Em 1620, a Companhia de Londres trazia cem
órfãos para a Virgínia. Da mesma maneira, mulheres eram transportadas para
serem leiloadas no Novo Mundo. É natural concluir que essas mulheres, dispostas
a atravessar o oceano e serem vendidas na América como esposas, não eram
integrantes da aristocracia intelectual ou financeira da Inglaterra.” (KARNAL,
Leandro. História dos Estados Unidos: das origens ao século XXI. 3. ed.
São Paulo: Contexto, 2008. p. 44-45.)
4. A
gênese da cidadania americana
Durante
boa parte do século XVII, a Inglaterra esteve envolvida em guerras civis, em
disputas entre o Parlamento e o rei e em conflitos na Europa. Isso de certa
forma impediu que o país exercesse um controle mercantilista mais rígido sobre
suas colônias. Só que, mesmo ocupada em resolver tantos problemas, a Coroa
inglesa não deixou de arregimentar colonos para o empreendimento de povoar e
explorar as novas terras na América.
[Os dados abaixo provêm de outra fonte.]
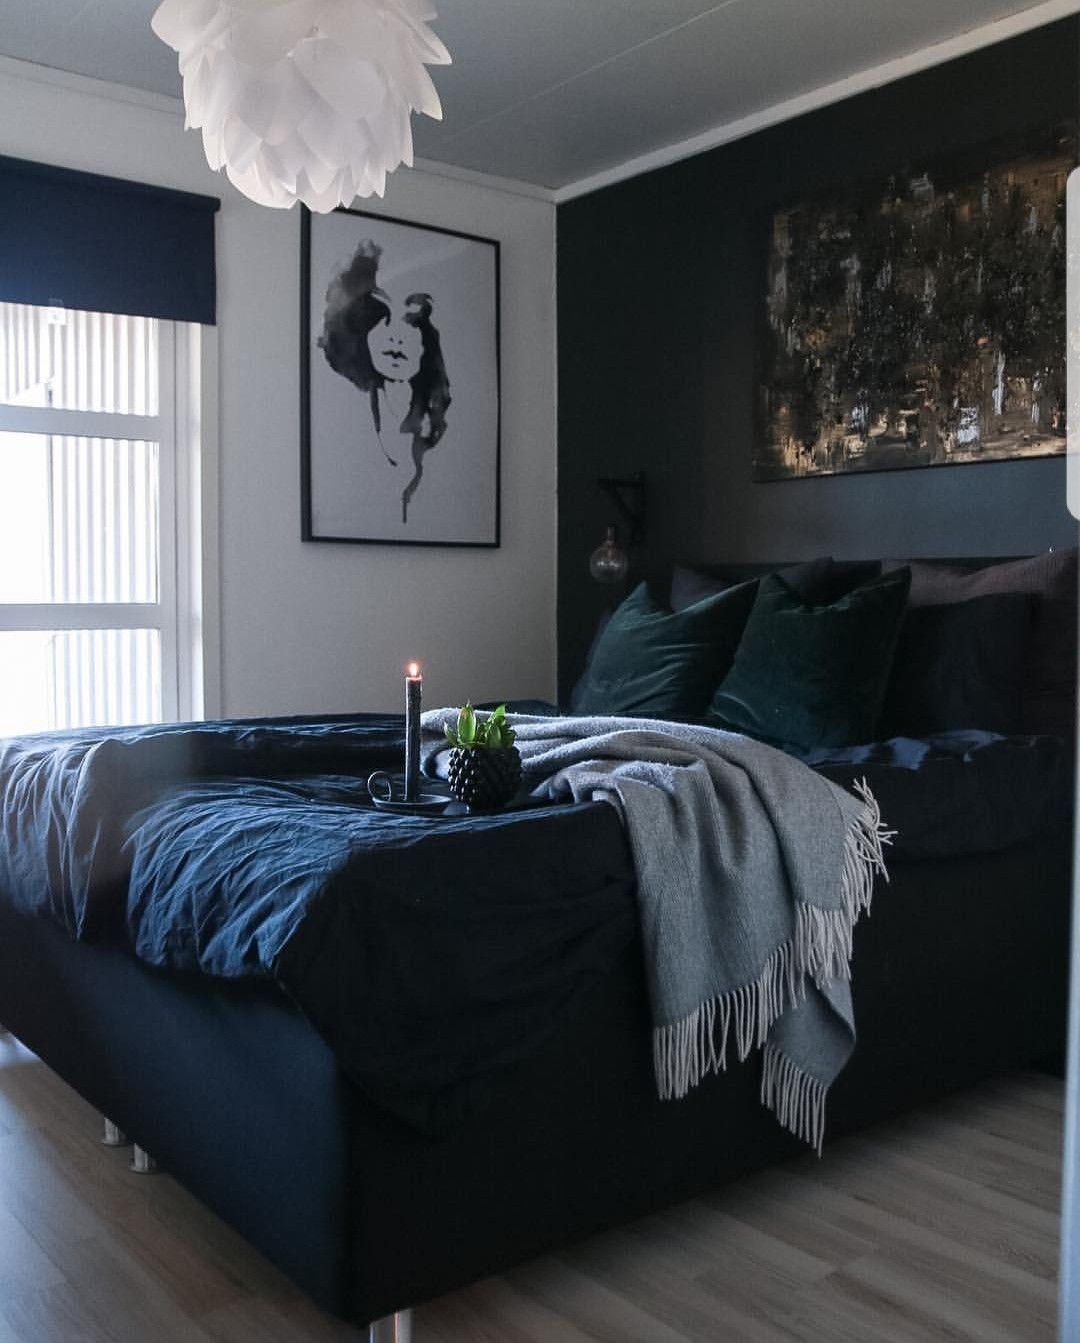 Pin By Celine Cevy Dahl On Dark Maskulin Lounge Bedroom Decor Home Decor Bedroom Bedroom Interior Modern bedroom maskulin design

E, com o firme objetivo de atraí-los,
chegou a conceder-lhes o direito de se reunir em assembleias e de votar suas
próprias leis e impostos. A essas circunstâncias favoráveis acabaram se somando
as características peculiares dos colonos interessados em deixar a Inglaterra.
Muitos
deles eram adeptos de segmentos religiosos – como os puritanos e os quakers –,
que viviam em “rota de colisão” com o anglicanismo que era a religião oficial
da metrópole. Por isso, quase sempre suas decisões divergiam das determinações do
governo inglês.
Ao
chegar à nova terra, essas pessoas estabeleceram formas de poder político
coerentes com suas concepções e experiências.
Dessa
iniciativa, surgiu a prática do autogoverno (self-government).
O
governador de cada colônia geralmente era nomeado pelo rei, mas havia também,
como órgão de poder, uma assembleia de representantes eleitos pelos próprios
colonos. As assembleias desempenhavam funções legislativas e deliberativas.
Embora o governador detivesse o poder de veto, com o tempo os colonos impuseram
uma tradição de respeito às decisões da assembleia.
Conseguiram
essa vitória usando como meio de pressão a recusa em aprovar novos impostos ou em
votar iniciativas do governador.
Durante
certo tempo, os colonos de algumas colônias da Nova Inglaterra chegaram a eleger
seus governadores, além dos delegados que integravam as assembleias. Essa
experiência, totalmente nova em um mundo regido por monarcas e poderes
absolutistas, seria decisiva para a formação da concepção moderna de cidadania.